Defendant later took the stand in his own behalf. Without challenging the testimony concerning his statement, except perhaps by indirection, defendant averred that, when accosted by the OPA agents, he was told he was under arrest; that he told his superior, "I didn't do nothing wrong. I didn't do anything"; that defendant's superior "threatened to bring a marshal up to take me out of there" if defendant did not take action tending to implicate another OPA employee, but that at first he "wouldn't concede to do anything"; and that he was told "not to talk to a soul when you leave this office."

Thus, in a sense, the defense took apparently inconsistent positions: (a) that defendant made the statement under duress, and (b) that defendant did not make the statement to his superior. As to (a), we deem it significant that at no time did defendant deny the government's version of the circumstances leading to the making of the statement. If this evidence is to be given credence, defendant, induced by neither duress nor artifice, voluntarily made the statement. Any undue pressure subsequently exercised upon him to secure his assistance in incriminating another could, of course, have no bearing upon the admissibility in evidence of the free admission he had made previously. There can be no conflict or inconsistency, therefore, between the McNabb decision and the procedure followed in the case at bar. Rather, the circumstances here obtaining come more appropriately within the class of cases exemplified by United States v. Mitchell, 1944, 322 U.S. 65, 67, 70, 64 S. Ct. 896, 88 L. Ed. 1140, rehearing denied 1944, 322 U.S. 770, 64 S. Ct. 1257, 88 L. Ed. 1595; Boone v. United States, App.D.C.1947, 164 F.2d 102, 103; and Alderman v. United States, App. D.C. 1947, 165 F.2d 622. As to (b), it was for the jury to decide how defendant came into possession of the money, and whether defendant or the government witness was to be believed. Under either theory of the defense, consequently, no ground for reversal exists.

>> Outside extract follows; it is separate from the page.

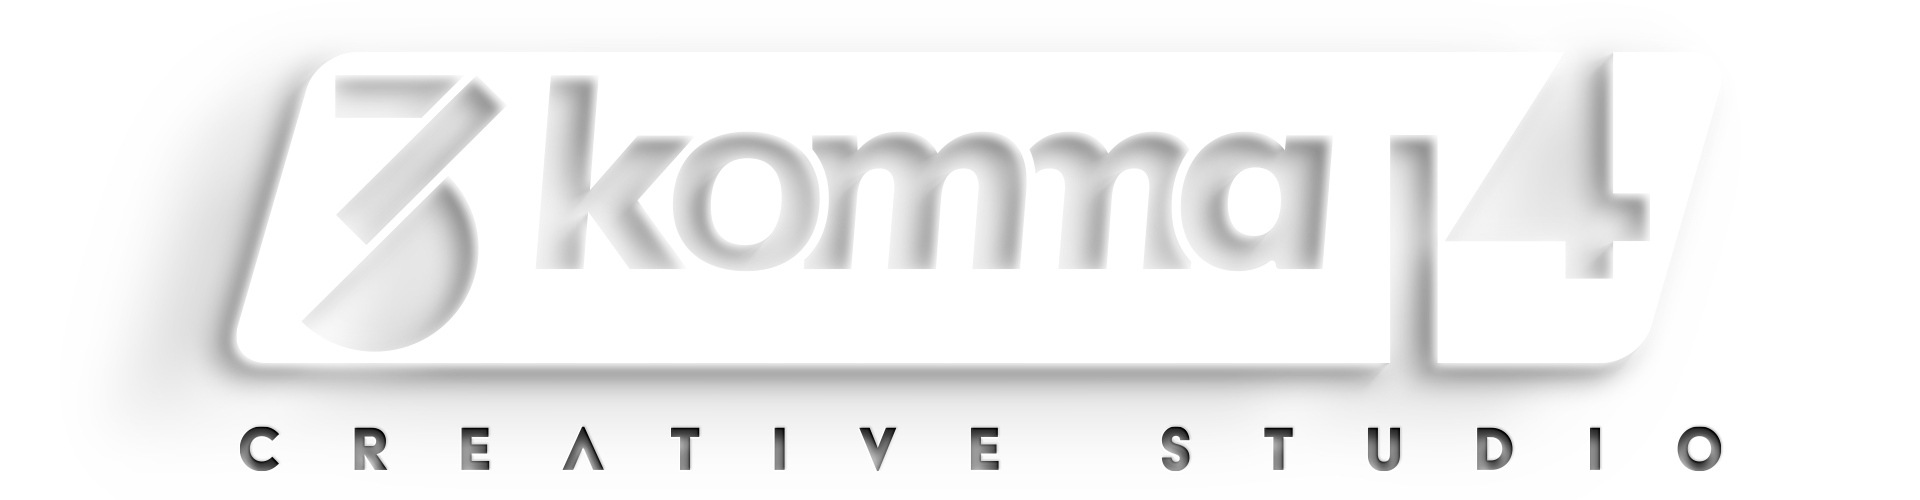 3komma14 creative studio  Logo

In some detail we have reviewed this case. It remains but to say that our review of the record convinces us that defendant had a fair trial in which he was accorded considerable latitude indeed. The verdict that defendant was guilty of bribery being amply supported by the evidence, the judgment will be affirmed.

NOTES

[1] Extortion, 18 U.S.C.A. § 171; bribery, 18 U.S.C.A. § 207.

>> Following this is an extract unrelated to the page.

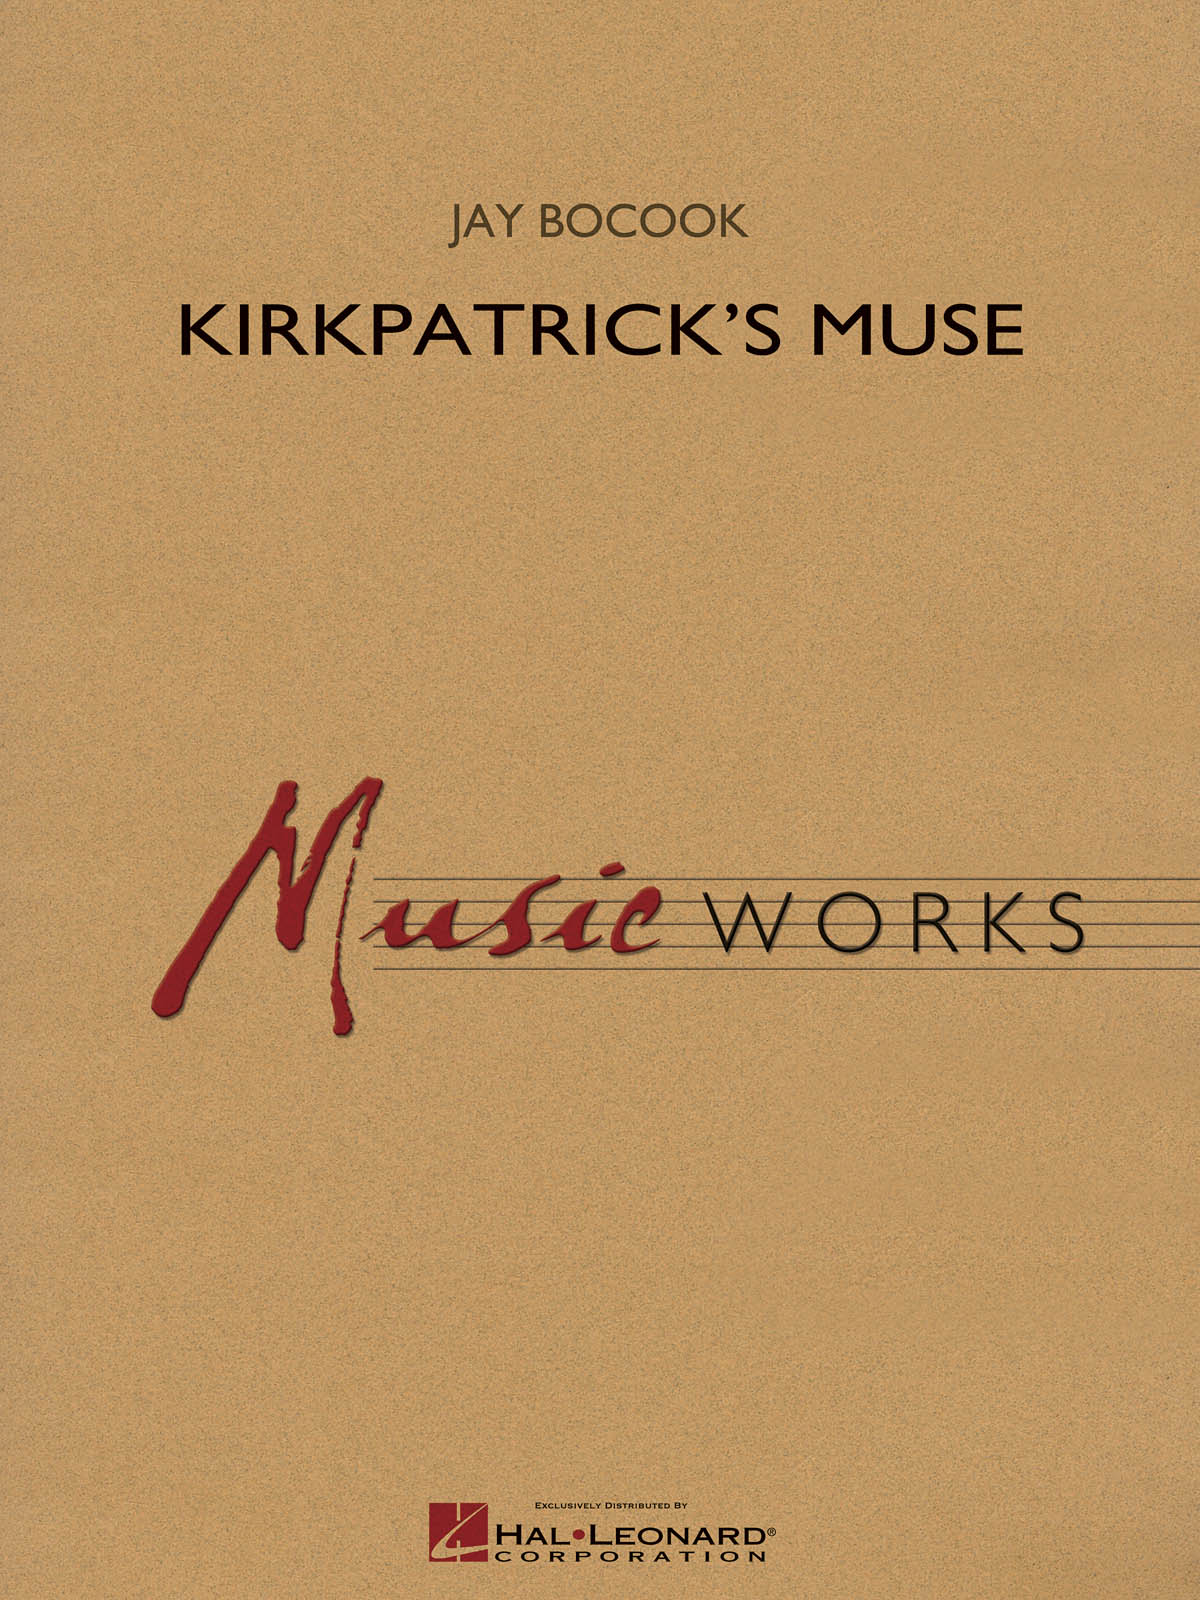 Kirkpatrick’s Muse

[2] The record is silent as to how this information was obtained, i. e., whether the source was the report, Seltzer, or some third person.

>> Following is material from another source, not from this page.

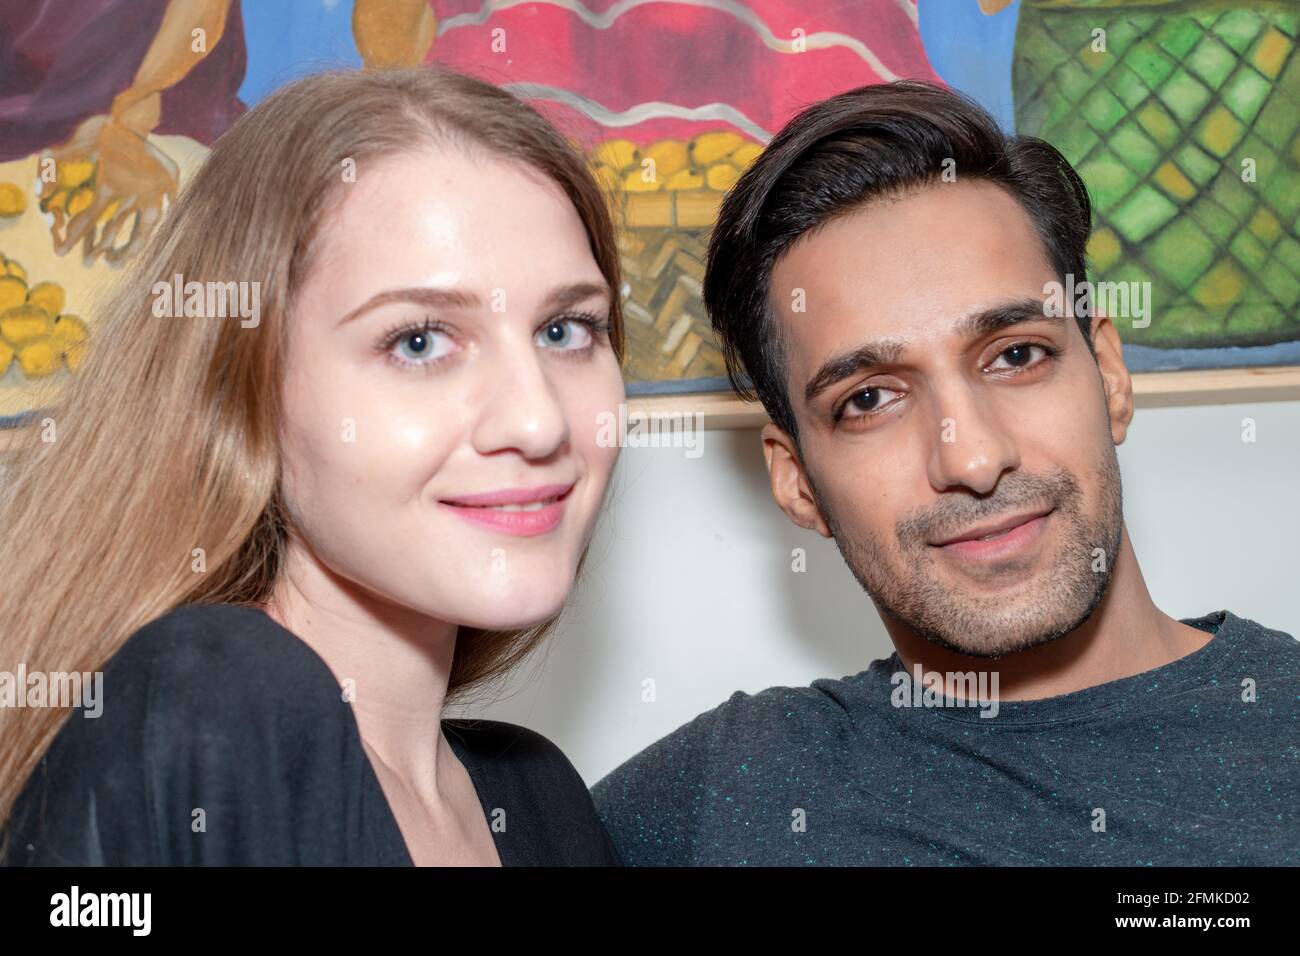 https://c8.alamy.com/comp/2FMKD02/closeup-of-a-young-international-couple-a-russian-girl-and-indian-guy-2FMKD02.jpg

[3] At the trial, defendant testified that he did not accept money from Seltzer, that Seltzer put the money in defendant's pocket, and that one of the agents reached in the pocket for the money. This testimony was diametrically in conflict with that of Seltzer and the agents. The jury verdict disposes of this factual issue.

[4] According to the government's brief, defendant secured this continuance so that he might have an opportunity to produce testimony in support of his allegations.

[5] But see United States v. Perlstein, 3 Cir., 1941, 120 F.2d 276, 279, cert. denied 1942, 316 U.S. 678, 62 S. Ct. 1106, in which this court, per Judge Maris, said:

"* * * a motion to quash must be verified, either by facts of record, by admissions of the government, or by affidavits as to the alleged irregularities."

[6] Both the motion to quash and the plea in abatement have been abolished by the new Federal Rules of Criminal Procedure, 18 U.S.C.A. following section 687. Rule 12(a), F.R.Crim.Proc.